POMFR: Beyond the Established Legal Orders

Have you wondered recently whatever happened to all that “fragmentation of international law” we used to worry about? Well, a 2011 volume edited by Malcolm Evans and Panos Koutrakos and published by Hart Publishing, that’s what happened. While I would like to introduce you briefly to the whole volume, there is one contribution I would particularly like to draw your attention to.

To put you in context, this is in my view a good book for those among us who were fascinated by the „fragmentation of international law“ debate starting (or at least becoming one of THE topics) in the 2000s; who have perhaps read Koskenniemi’s report for the International Law Commission or other literature on the topic (legal pluralism, Pauwelyn’s Conflict of Norms, you name it); who find themselves now stuck in one of the boxes and/or compartments of international or EU law; and who probably would love an update and overview over where we stand today. Well, of course the book has a strong EU law focus; otherwise, I would probably have to post my thoughts on it on a different blog. But still, it promises updates in a number of areas where EU law and international law connect in one way or another.

Depending on your field of expertise and interests, you may find some chapters more appealing than others. One of the strengths of this edited volume is certainly the breadth of contributions, which cover among others the Common Commercial Policy (Joris Larik), international and European financial market regulation (Eilis Ferran), human rights law (Bruno de Witte), international and European criminal law (Valsamis Mitsilegas), terrorism and human rights law (Takis Tridimas, Jan Klabbers) and non-proliferation (Panos Koutrakos). Wer zählt die Völker, nennt die Namen…

Still, there is one chapter that I would particularly recommend, at least if you have some basic affinity for legal theory: George Pavlakos and Joost Pauwelyn’s „Principled Monism and the Normative Conception of Coercion Under International Law“ (pp. 317-341).

The central idea of Principled Monism is that there is a scheme of substantive principles of justice, and that it is this scheme rather than necessarily a formal hierarchy of sources which holds the multitude of institutional sources of national and international law together (p. 325). Based on this premise, the problem of fragmentation of international law and dispute settlement fora becomes less of a mechanical problem of determining precedence of one particular institutional actor or legal regime. On the contrary, discussing cases like e.g. the Kadi decision by the General Court Pavlakos and Pauwelyn suggest (p. 322-323)

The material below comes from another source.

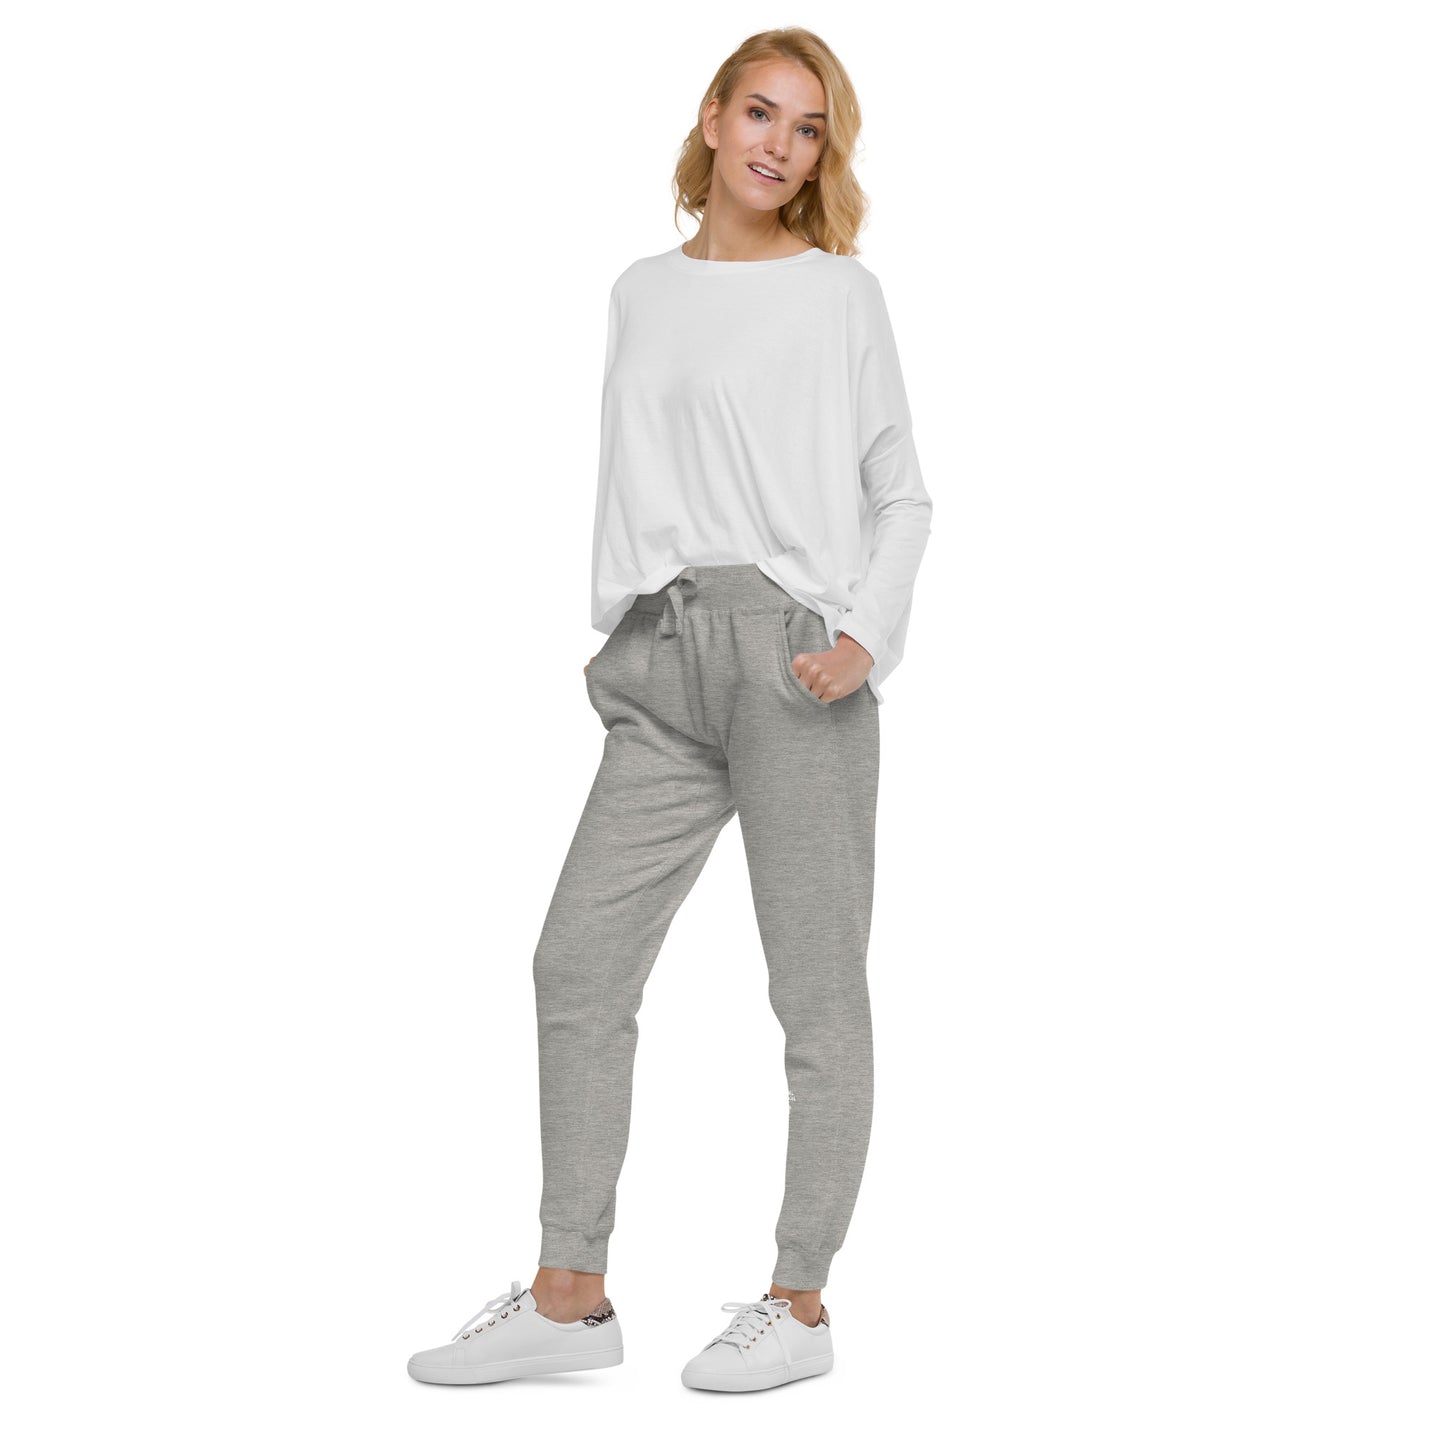 The Spring SNARL Sweats

 „[N]amely, that questions about boundaries and institutional relations between legal orders are not defining of the content of the legal obligations, which the courts are called to enforce as a matter of duty. Rather, such questions are subject themselves to the substantive normative principles which determine the existence and the content of the relevant legal obligations.“

 Issues of formal norm hierarchy could, under such an approach, take a back seat (p. 323):

 „[T]he final instance for determining the limits or the formal positioning of any legal order is not any institutional facts but substantive arguments that draw on principles of individual (and collective) morality.“

Sounds novel/untenable/compelling to you? Go ahead and enjoy the read; it is in my view a sophisticated, yet accessible exercise of legal theory which features some well-known case law from a perspective you perhaps have not looked at it yet, a bit of Kant, the connection between law, morals and coercion in international law and eventually an interesting novel perspective on the sources of international law. What’s the benefit? Well, ideally „a way of understanding the various legal orders of international and national law (including EU law) as forming a unique normative order“. That should be worth the intellectual effort, right?